These developments alone should have galvanized Congress to pass major energy and climate legislation this year. But, as is often the case, short-term political calculations are blocking the changes our country badly needs to accelerate the development of a dynamic, job-generating economic sector.

When Congress returns in September, lawmakers should take a renewed look at energy and climate policy. Policymakers, business groups and public interest organizations should remind members how much is at stake and promote the following principles:

• Major investment and job growth are tied to clear, strong energy policies.

Billions of dollars in private capital—from both electric utilities and manufacturers—is sitting on the sideline because of uncertainty over energy-policy reform. These investment choices and the thousands of jobs they will create hinge upon getting a clear signal on the price of carbon. Without such certainty, companies are already shifting dollars and jobs away from the United States: Deutsche Bank is moving $6 billion to $7 billion in clean-energy investments toward Europe and China.

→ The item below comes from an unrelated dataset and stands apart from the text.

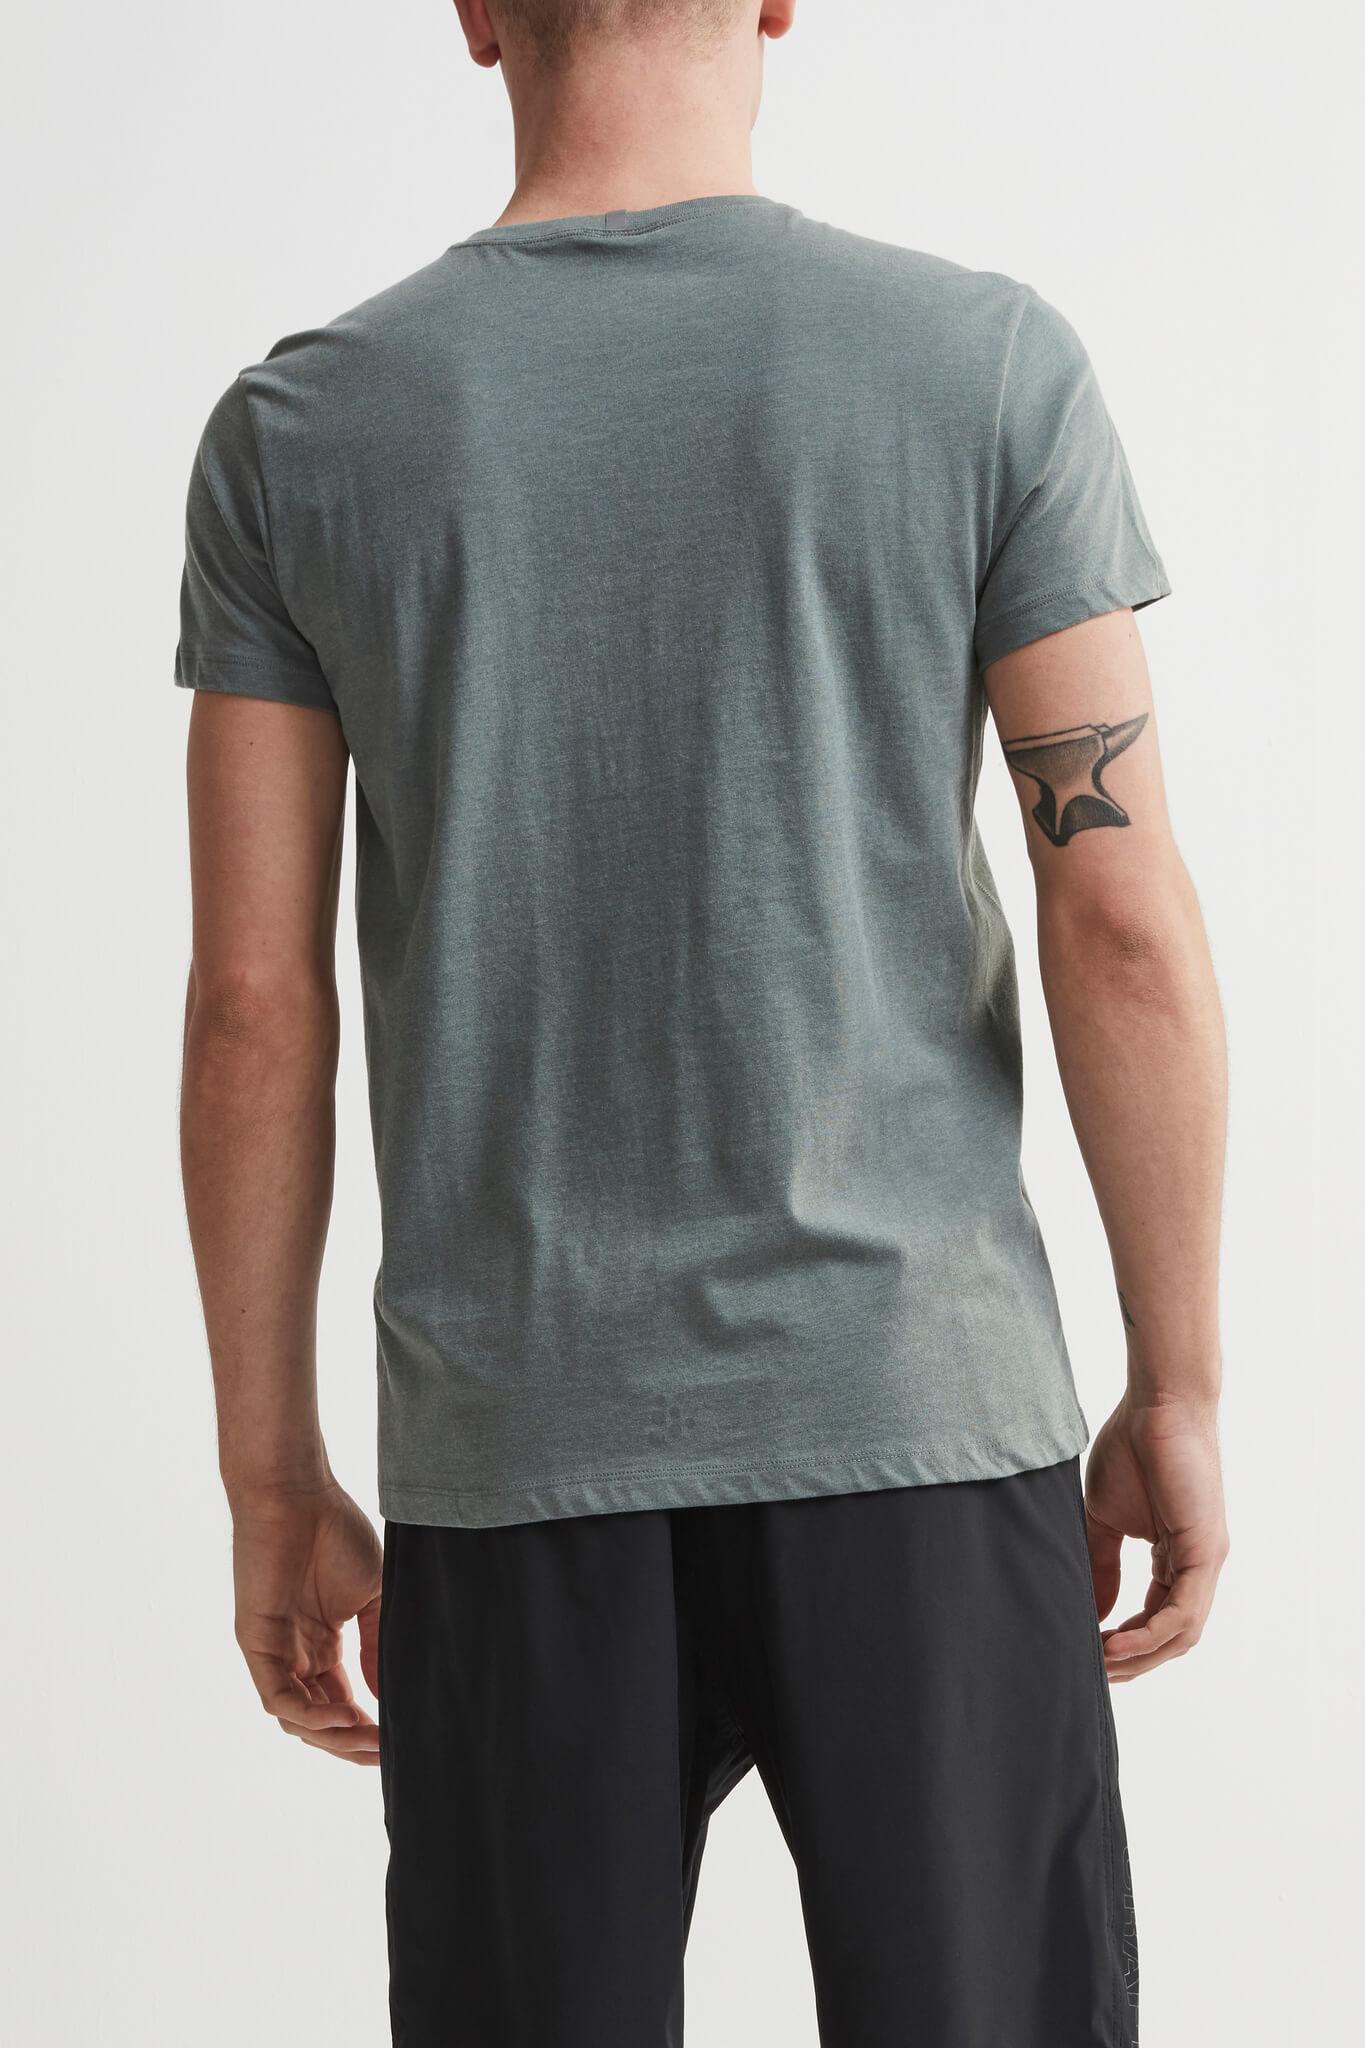 Craft Graghic футболка мужская - 3

New investments and jobs also depend on consistent incentives and performance standards that make existing clean-energy technologies more affordable and level the playing field with fossil-fuel technologies. China knows this, and spent $34.6 billion in clean technology in 2009, versus $18.6 billion for the United States.

• All costs, both present and future, must be considered when assessing energy technologies.

While Indiana has an enormous amount of coal, and coal power is presently cheap in terms of wholesale costs, coal power will continue to get more expensive. The combination of rapidly growing global demand for coal, especially from China, coupled with the extremely high capital costs of building or expanding coal plants to meet modern public health standards—mean higher and higher costs for coal-fired power production and for ratepayers.

Similarly, while comparably sized solar-power plants cost more than coal plants right now on a kilowatt-hour basis, photovoltaic costs are declining quickly—nearly 30 percent over a 10-year period, according to an exhaustive survey by the Lawrence Berkeley National Laboratory. New battery technologies that store wind power are being tested that will make wind increasingly reliable and predictable. The upshot is that we cannot resist change on the false pretense that coal will always hold a significantly superior cost advantage.

• New multibillion-dollar baseload projects should be viewed with caution.

Advanced coal and nuclear projects take several years to permit and build, are prone to cost overruns, and may overshoot future supply needs. In contrast, distributed generation sources, like a solar array installed on a manufacturing distribution center, or combined heat and power systems (CHP) offsetting a major share of a factory’s load, are by nature scalable. The U.S. Department of Energy claims the United States can get 20 percent of its electric generating capacity from CHP alone by 2030. Future energy policy needs to consider the regulatory barriers to rapid deployment of distributed generation.

Our nation needs to make a major shift in our approach to energy production, and it needs to happen as soon as possible. Statements unsupported by any data or by carefully designed economic forecasts about the costs of climate and energy policies are unhelpful, and raise unnecessary fears about the impacts of sensible clean energy and climate policies on Indiana. Ultimately, such practices prevent all parties from finding common ground on solutions that would create Indiana jobs in clean energy manufacturing, construction and maintenance.

We can be leaders here in Indiana by constructively shaping federal climate and energy policy, and maybe, just maybe, we’ll see some leadership out of Washington in 2010, too.•

__________

Kharbanda is the executive director of the Hoosier Environmental Council, the state’s largest environmental policy organization.